Die Entwicklung beim Sozialen Wohnungsbau sei dramatisch, so Geywitz: „Es gab mal drei Millionen Sozialwohnungen, heute sind es noch eine Million“, betonte die in Potsdam geborene Bauministerin. „Man kann deutlich erkennen, dass der Wohnungsmarkt eben nicht alles von selbst regelt.“ Wohnungslose würden vielerorts kaum eine Wohnung finden, die AWO Reutlingen sei da vorbildlich, weil sie für Wohnraum sorge, indem sie mehr als 100 Wohnungen für ihre Klientel angemietet hat, betonte Geschäftsführer Ulrich Högel beim Besuch der Ministerin.
Weigle hatte schnell mehrere Punkte erkannt, bei denen die Ministerin weiterhelfen konnte: „Klara Geywitz hat uns geraten, für den Sanierungsbedarf der Oasen Förderprogramme von Bund oder Land abzurufen“, freute sich der AWO-Vorsitzende. Ähnlich könnte eventuell auch die Notunterkunft der AWO profitieren, „die alles andere als barrierefrei ist“, betonte Ulrich Högel. „Die Situation dort ist mehr als grenzwertig.“
Geywitz berichtete von ähnlichen Erfahrungen in ihrem eigenen Heimat-Bundesland Brandenburg: „Da sind Ersatzunterkünfte geschaffen worden und erst da hat man gesehen, dass in den bisherigen Sozialwohnungen seit einer Vielzahl von Jahrzehnten gar nichts gemacht wurde.“ Gefordert hat die Bundesbauministerin zudem einheitliche fachliche Standards für die Unterbringung von Wohnungslosen: „Da muss sich unbedingt was tun, es kann doch nicht sein, dass Frauen zusammen mit Männern in Unterkünften untergebracht werden“, so Klara Geywitz.
Viel zu oft sei das in Kommunen noch üblich, „es gibt immer wieder Frauen, die lieber draußen schlafen, als in solchen Unterkünften zusammen mit Männern“. Högel stimmte sofort zu: In Reutlingen gebe es zwar getrennte Räumlichkeiten, aber mancherorts „sind die Unterbringungen wirklich desolat“. Außerdem würden dringend Stabilisierungsmöglichkeiten für Familien und Kinder gebraucht, betonte Sebastian Weigle. „Wir brauchen eine starke Lobby für das Thema der Wohnungslosen“, betonte auch Helmut Treutlein als SPD-Fraktionsvorsitzender des Reutlinger Gemeinderats.

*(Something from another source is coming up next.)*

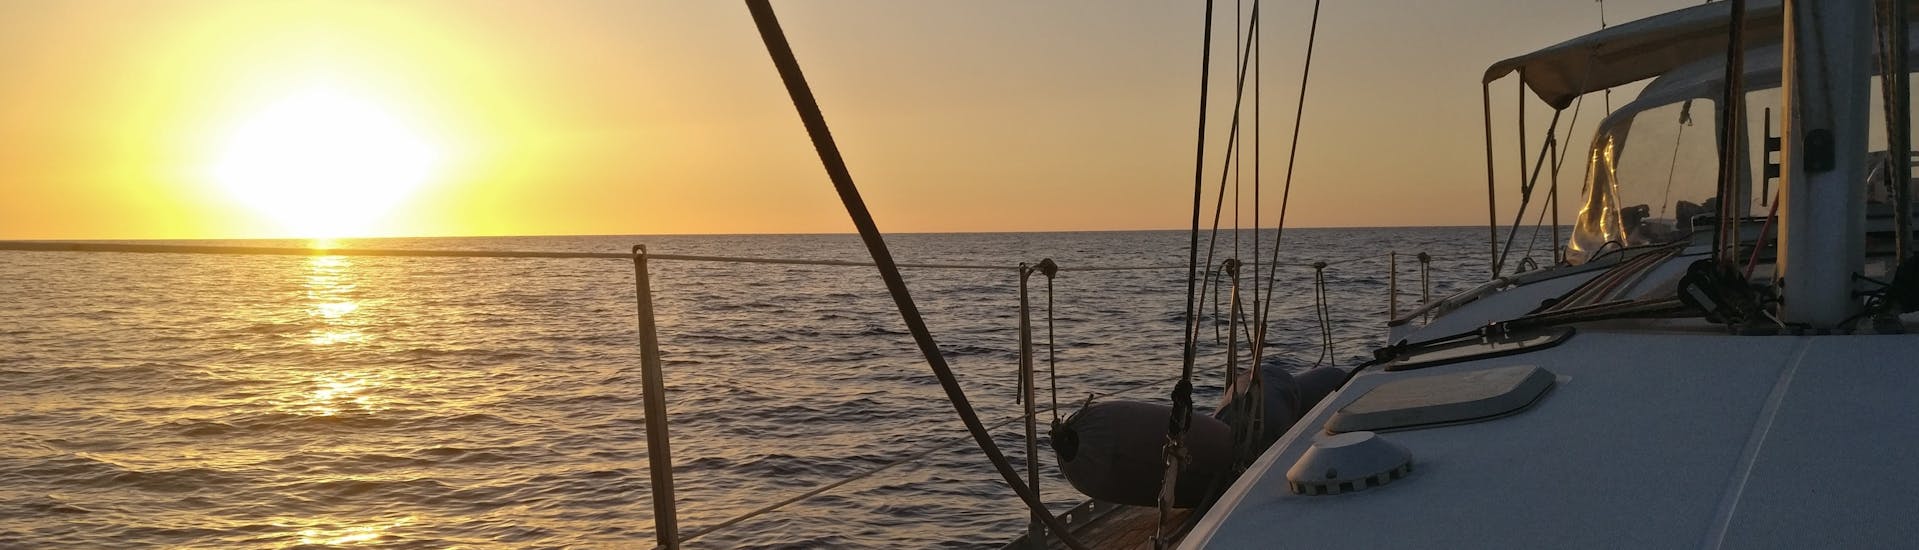 Uitzicht op zee bij zonsondergang vanaf een boot vanuit Quarantesimo Parallelo Leuca tijdens de privé-zeiltocht van Leuca naar de kust van Salento.

Klar sei, dass weitere Wohnungen dringend auch für Wohnungslose gebraucht würden, waren sich alle SPD-Mitglieder beim Besuch der Ministerin einig. „Neubauten sind genauso wichtig wie die Sanierung von bestehenden Wohnungen“, sagte Klara Geywitz. „Zumal die Mietverträge in den Oasen bei uns nicht an Betreuung gekoppelt ist“, sagte Uli Högel. Und das bedeute, dass die Bewohner auch nach Ende einer sozialpädagogischen Betreuung nicht aus den Wohnungen ausziehen müssen. „Sie können also dort weiter wohnen, quasi bis zu ihrem Lebensende“, betonte Högel.